If they make the playoffs it's because Oden and Roy are all-stars next season. I say NO playoffs. Start very slow, come on late. This team is way too young. Need more.

It's interesting how everyone though my Zach for Mike Miller and Brian Cardinal trade was bad, and instead they got Frye and Francis. Mike Miller is better than Frye and James Jones combined.


----------



## Ed O (Dec 30, 2002)

HKF said:


> It's interesting how everyone though my Zach for Mike Miller and Brian Cardinal trade was bad, and instead they got Frye and Francis. Mike Miller is better than Frye and James Jones combined.


You're totally right. 

Ed O.


----------



## MARIS61 (Apr 28, 2003)

HKF said:


> It's interesting how everyone though my Zach for Mike Miller and Brian Cardinal trade was bad, and instead they got Frye and Francis. Mike Miller is better than Frye and James Jones combined.


It WAS bad.

Shows just how awful THIS deal was.


----------



## BengalDuck (Jun 19, 2004)

I'm one of 10 who voted no. Roy and Aldridge will be great, but I'm not sure what we'll get out of our PG and SF positions, especially with so many potential transactions still to be made, maybe.

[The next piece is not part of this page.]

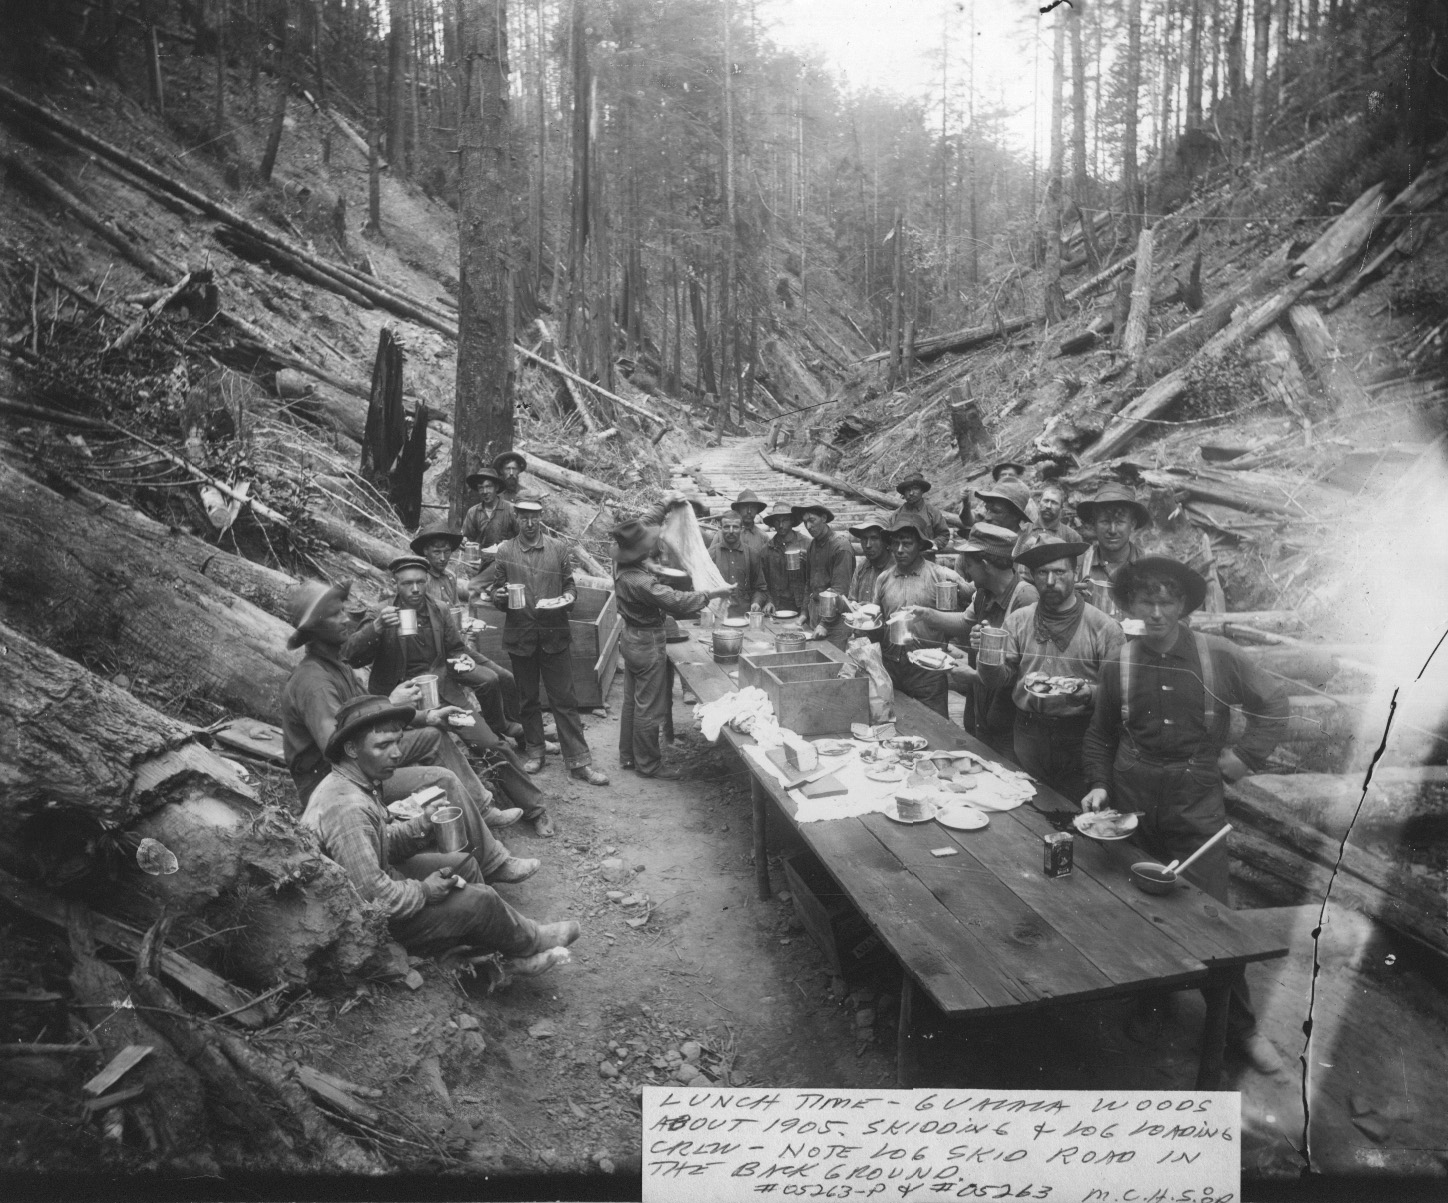 Logging History
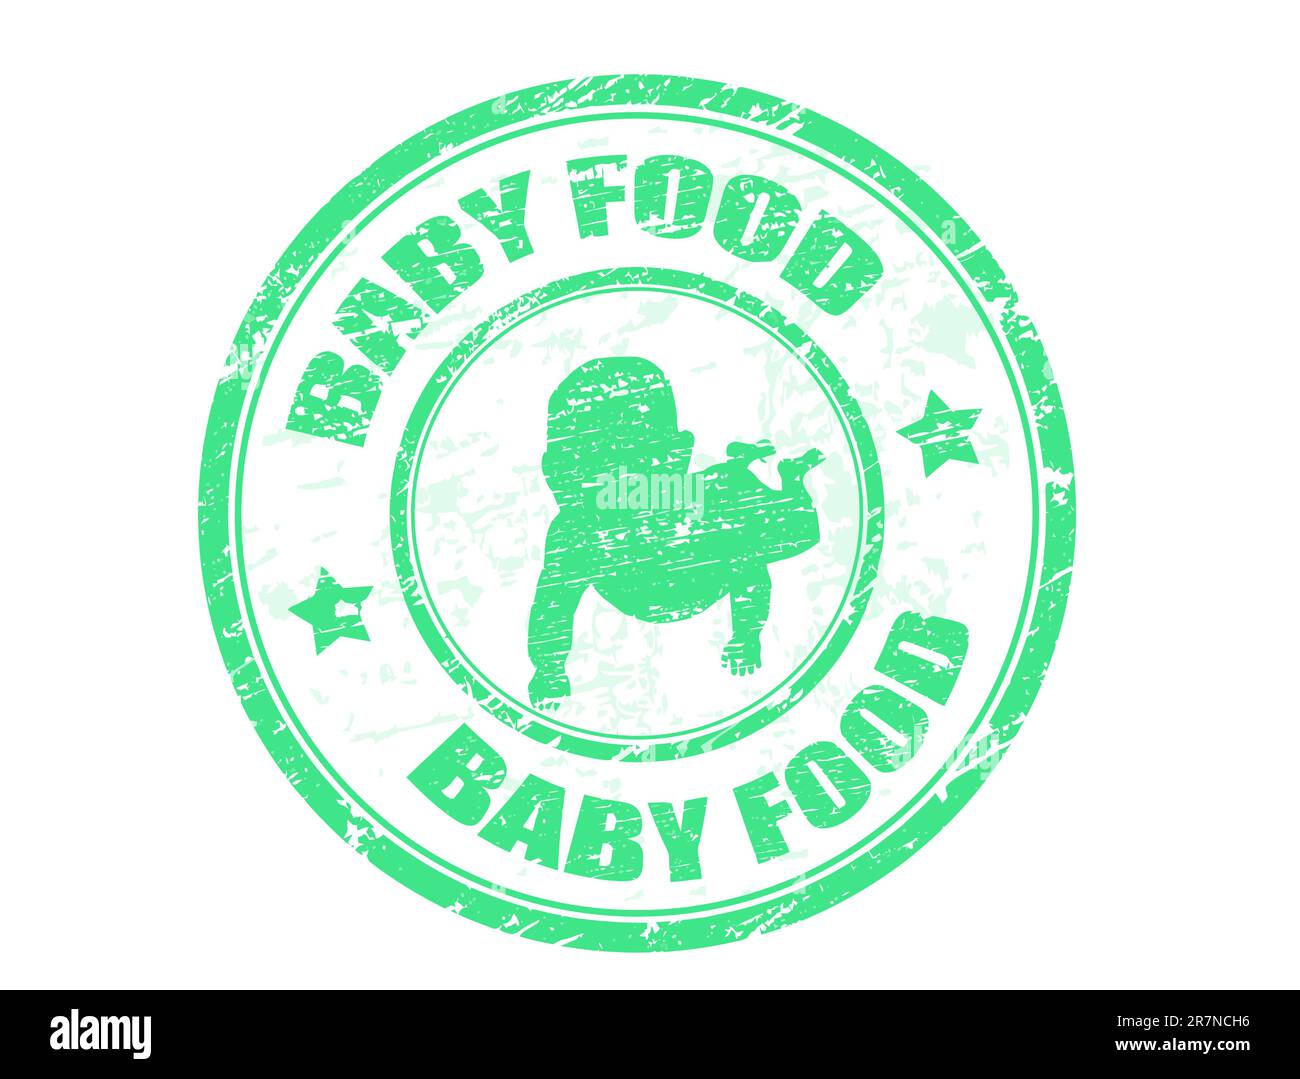 Tampon en caoutchouc vert avec la forme du bébé et le texte « Baby food » écrit à l'intérieur du timbre Illustration de Vecteur

Also, people will be surprised at how average Oden will be this year, I believe. Sure, he'll be great and he was who I wanted to take at #1, but there will be quite a few games where he'll have 3 fouls in 12 minutes and be a complete non factor. Just the way of a developing, shot blocking center in the NBA...


----------



## dudleysghost (Mar 24, 2006)

I voted no, but it's close, even though the West should be super-tough again. If we make some other nice moves this summer and get some quality veteran help, I'd change it to yes.


----------



## dudleysghost (Mar 24, 2006)

ebott said:


> Let's assume that the same 42-40 record that got the Warriors and Lakers had to get into the playoffs last year will be good enough to get in this year. Last year without Zach we went 7-8 for a winning percentage of 46. I really believe that just removing Zach from the equation that same team with the major contributors being Magloire, Aldridge, Ime, Roy and Jack would be good enough to have the same winning percentage and thus 37 wins. Having Oden instead of Magloire has gotta be worth at least 5 more wins.


Everyone who doesn't like Zach talks about that 7-8 record as if it proves something. That is _not_ a representative sampling. Of those 7 wins, most were against bad teams, and most were very close, coming down to last second shots. Of the losses, Roy and Aldridge were also missing for most of those, and there were some huge blowouts. Our +/- for that time was very negative. And even 15 games is a small sample. One more lucky win or loss would equate to a 7% swing.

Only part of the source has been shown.